Method lookup: Deref or Borrow?

I'm working on a Rust presentation for my colleagues and there's a part I'm unable to explain. In Rust, it's possible to call "related" methods on objets, like

  • All &[T] methods when working on a Vec<T>
  • All &str methods when working on a String
  • ... Path .. PathBuf, etc.

I want to understand why this is possible so I'm able to explain it. I found this explanation here

When looking up a method call, the receiver may be automatically dereferenced or borrowed in order to call a method. [...] Then, for each candidate T, add &T and &mut T to the list immediately after T.
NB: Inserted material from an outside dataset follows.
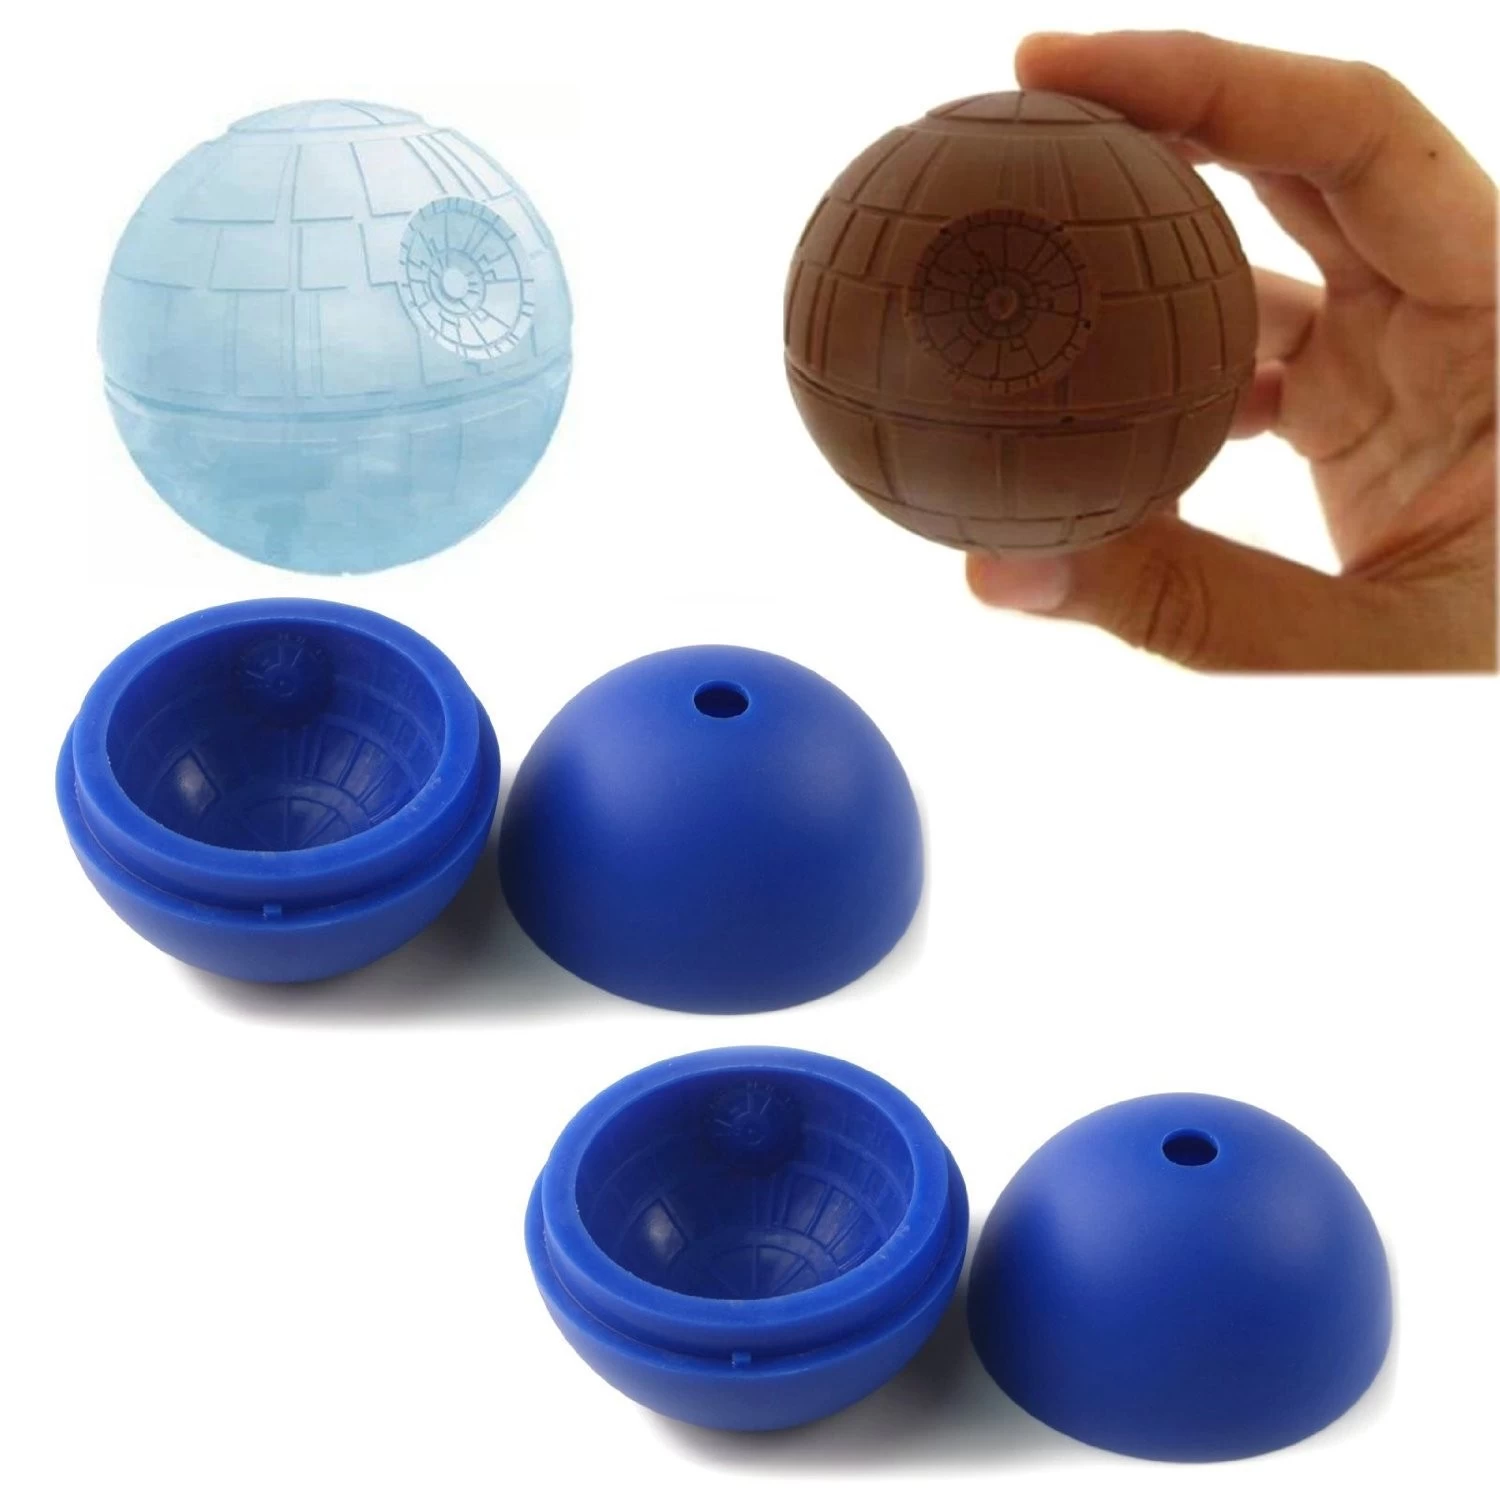 2 pack of Star Wars Death Star Silicone Sphere ice ball maker mold

This makes sense to me, at least the "borrowed" and "&T" parts. chunks is not a method of Vec, but &vec returns a slice which has a chunks method so we can call it on a Vec. IIUC, there's something automatic going on when we use the . to call a method.

I read about std::borrow::Borrow and reference but it's doesn't seem to provide an answer. In fact, everything I read seems to tell me that the answer is std::ops::Deref

impl<T, A: Allocator> ops::Deref for Vec<T, A> {
    type Target = [T];

But why would it be? I'm not dereferencing anything here, I'm borrowing (&) it! In C++, dereferencing (aka *) is used to get the value behind a pointer. Does "dereferencing" means something different in Rust?
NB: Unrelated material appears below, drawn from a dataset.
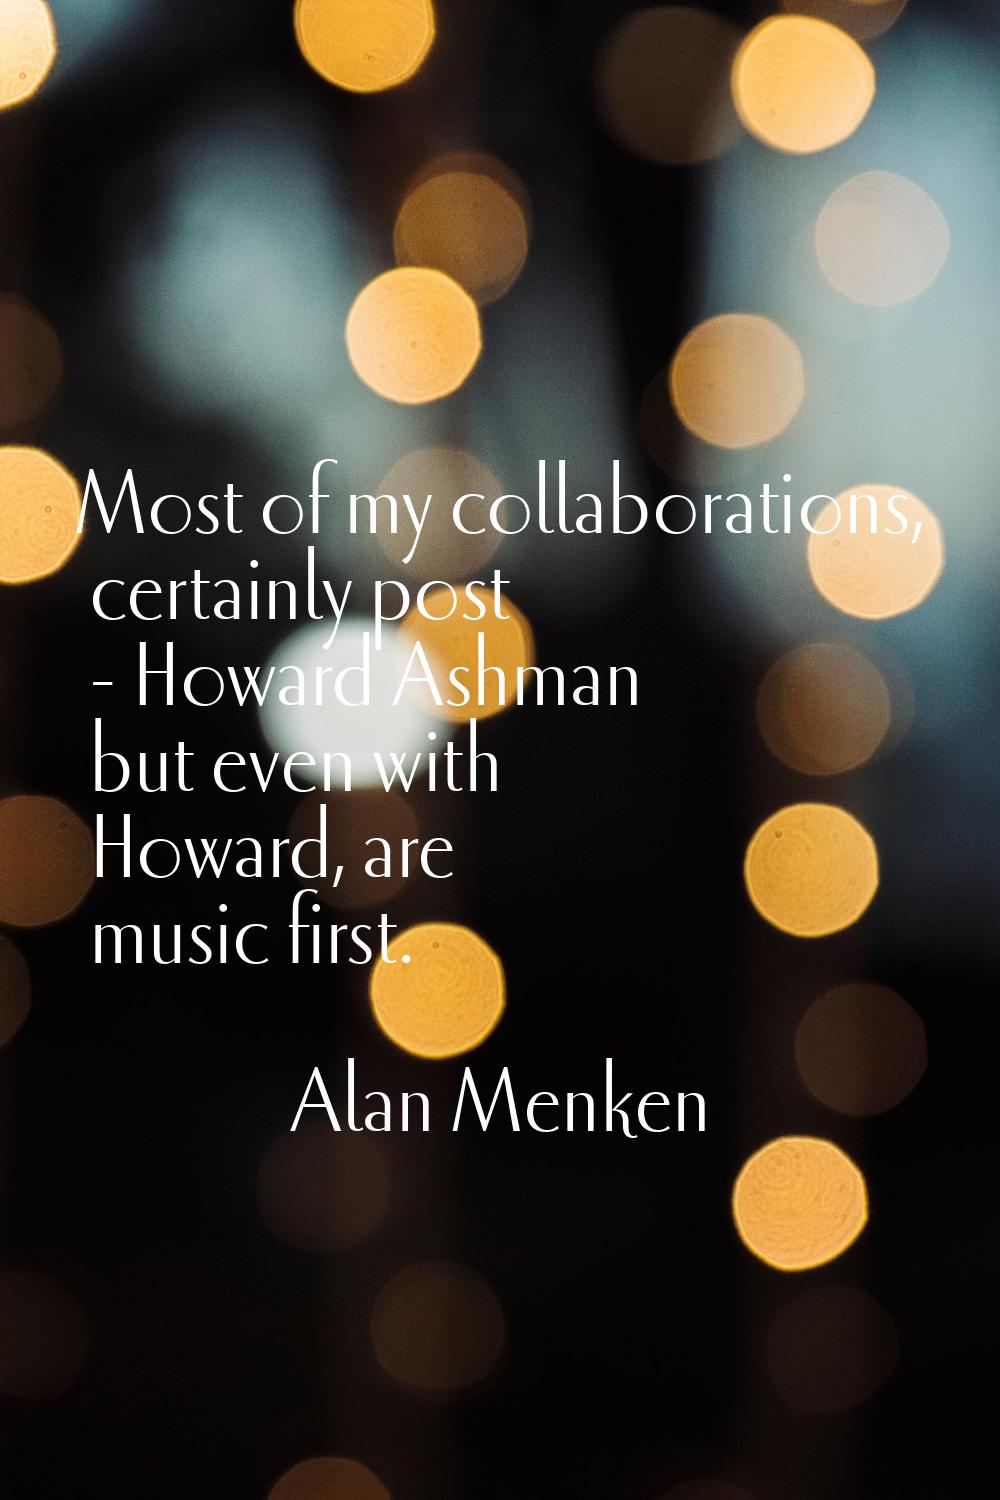 Most of my collaborations, certainly post - Howard Ashman but even with Howard, are music first.

If v has type Vec<T>, then the expression &*v has type &[T]. Thus, you get the slice methods by first dereferencing (which means to apply the Deref trait since v is not a reference), and then borrowing the output.

2 Likes

std::borrow::Borrow is a completely ordinary trait with no magic whatsoever. Borrowing in Rust via &… expression is a primitive operation that has nothing to do with that trait. (One main use-case of this trait is in the API of HashMap, so you can lookup e.g. a String key type using a &str key.)


The fact that &vec “returns a slice” is an inaccurate observation of the fact that the &Vec<T> that it produces can be implicitly coerced into a slice, i.e. into &[T]. This so-called “deref coercion” is also based on the Deref trait. Method resolution itself is unrelated to this coercion and defined directly in terms of the Deref trait, as explained in the reference page you linked; or arguably it’s defined in terms of “dereferencing”, arguably the page could be more explicit in mentioning the Deref trait directly instead of only linking to the page about the dereferencing operator.
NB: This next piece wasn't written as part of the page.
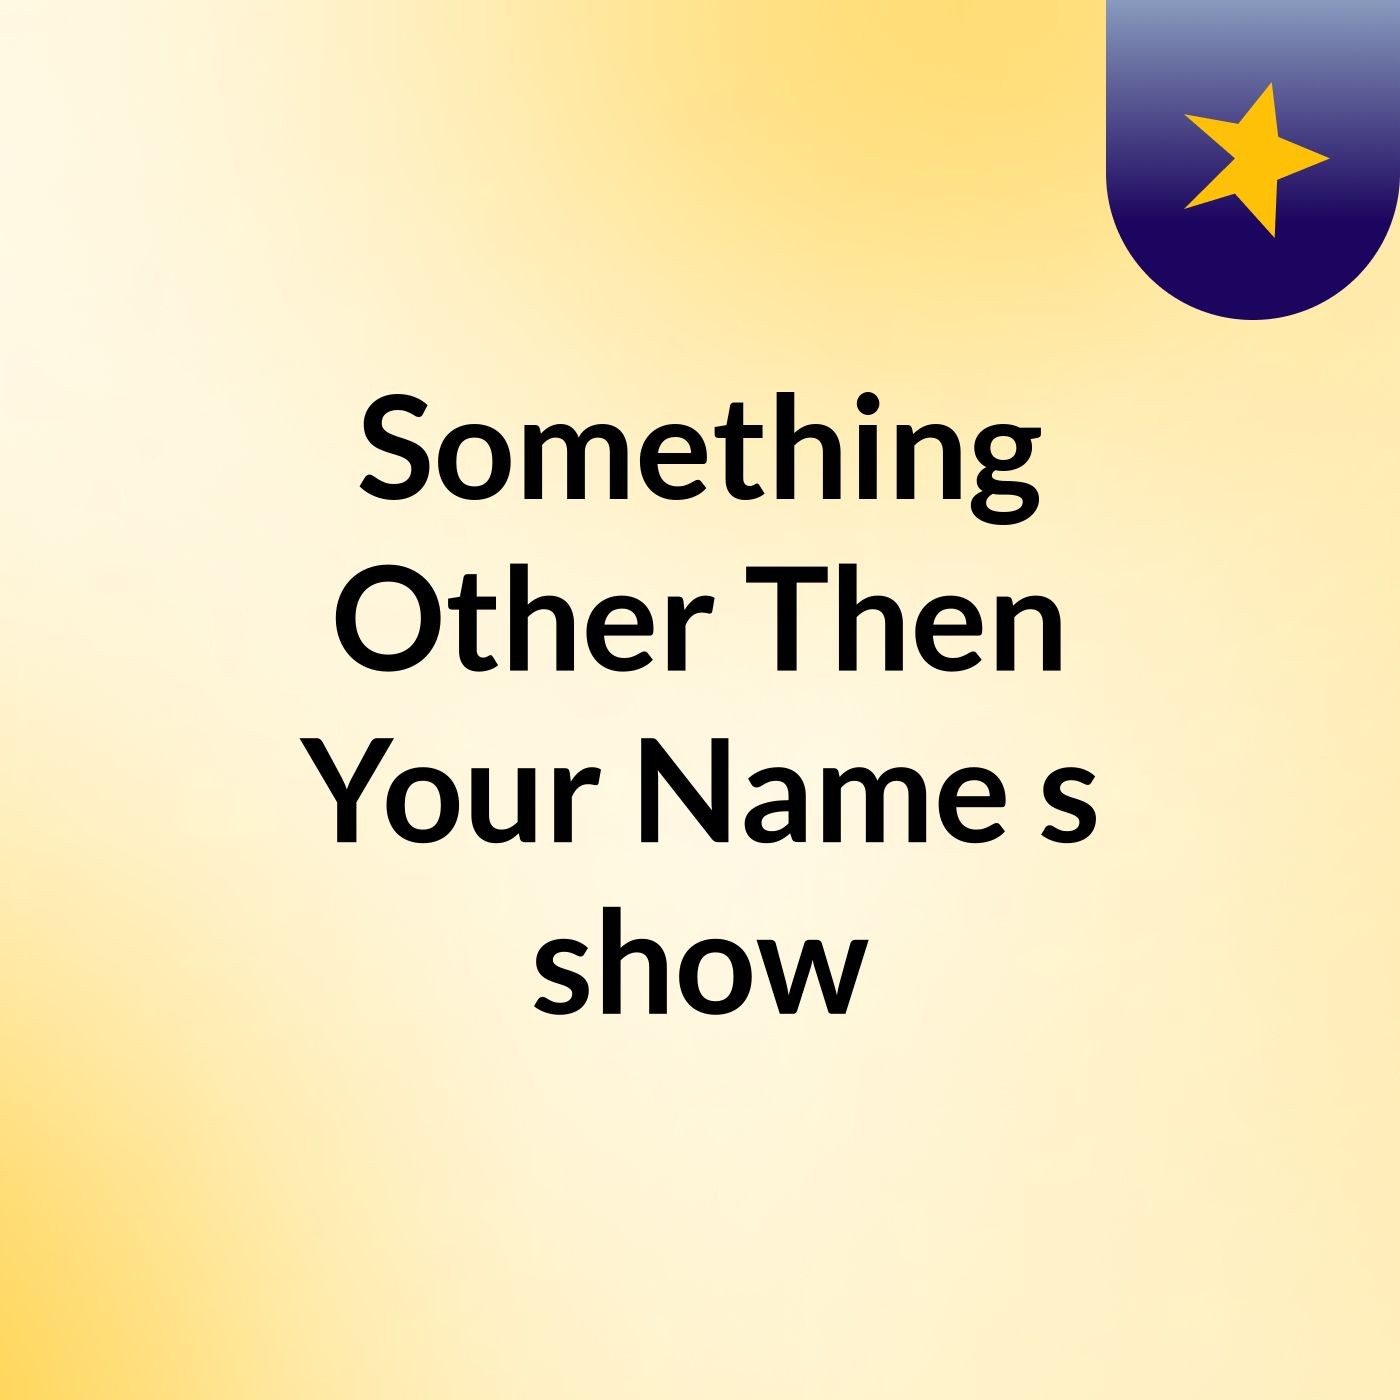 Episode 10 - Something Other Then Your Name's show

The example on that page is

For instance, if the receiver has type Box<[i32;2]>, then the candidate types will be Box<[i32;2]>, &Box<[i32;2]>, &mut Box<[i32;2]>, [i32; 2] (by dereferencing), &[i32; 2], &mut [i32; 2], [i32] (by unsized coercion), &[i32], and finally &mut [i32].

The step marked “by dereferencing” works due to the fact that Box<[i32; 2]>: Deref<Target = [i32; 2]>.

6 Likes

In case you don’t want to present the full method resolution algorithm in detail (which would be rather niche knowledge), the main takeaways (but likely still too long of a list) are that method calls can

  • add indirection, so you can call Foo’s &self or &mut self methods on a value x: Foo like x.method() instead of (&x).method() or (&mut x).method()
  • remove indirection, so
    • on Copy types you can e.g. call i32’s self-methods on a &i32 value
    • (on non-Copy types, trying to call a self method on a reference value would find the method, too, but then fail to obtain an owned value behind a reference)
    • since Box is an owning indirection, a self-method of Foo can be called on x: Box<Foo> though
  • as a combination of the above, transform the form of indirection, so you can call Foo’s &self method on a x: &mut Foo value, or call &self methods on a Rc<Foo> or Box<Foo>; or &Rc<Foo>, or &Box<Foo>, etc…

In this context,

  • removing indirection, aka “dereferencing” can be customized using a trait (Deref), which means that
    • custom pointer or smart pointer types can be supported like Rc or Box are in the above discussion (except from Box’s superpower of allowing owned access)
    • the Vec type and String-like types (i.e. including PathBuf/OsString), which are not necessarily considered “pointers”, use the Deref trait to allow methods of their corresponding slice types on their growing, owned version. So a &self method of str can be called on types like String or &String or &mut String, too.
  • (the support for adding indirection cannot be customized, it can only add a & or &mut borrow)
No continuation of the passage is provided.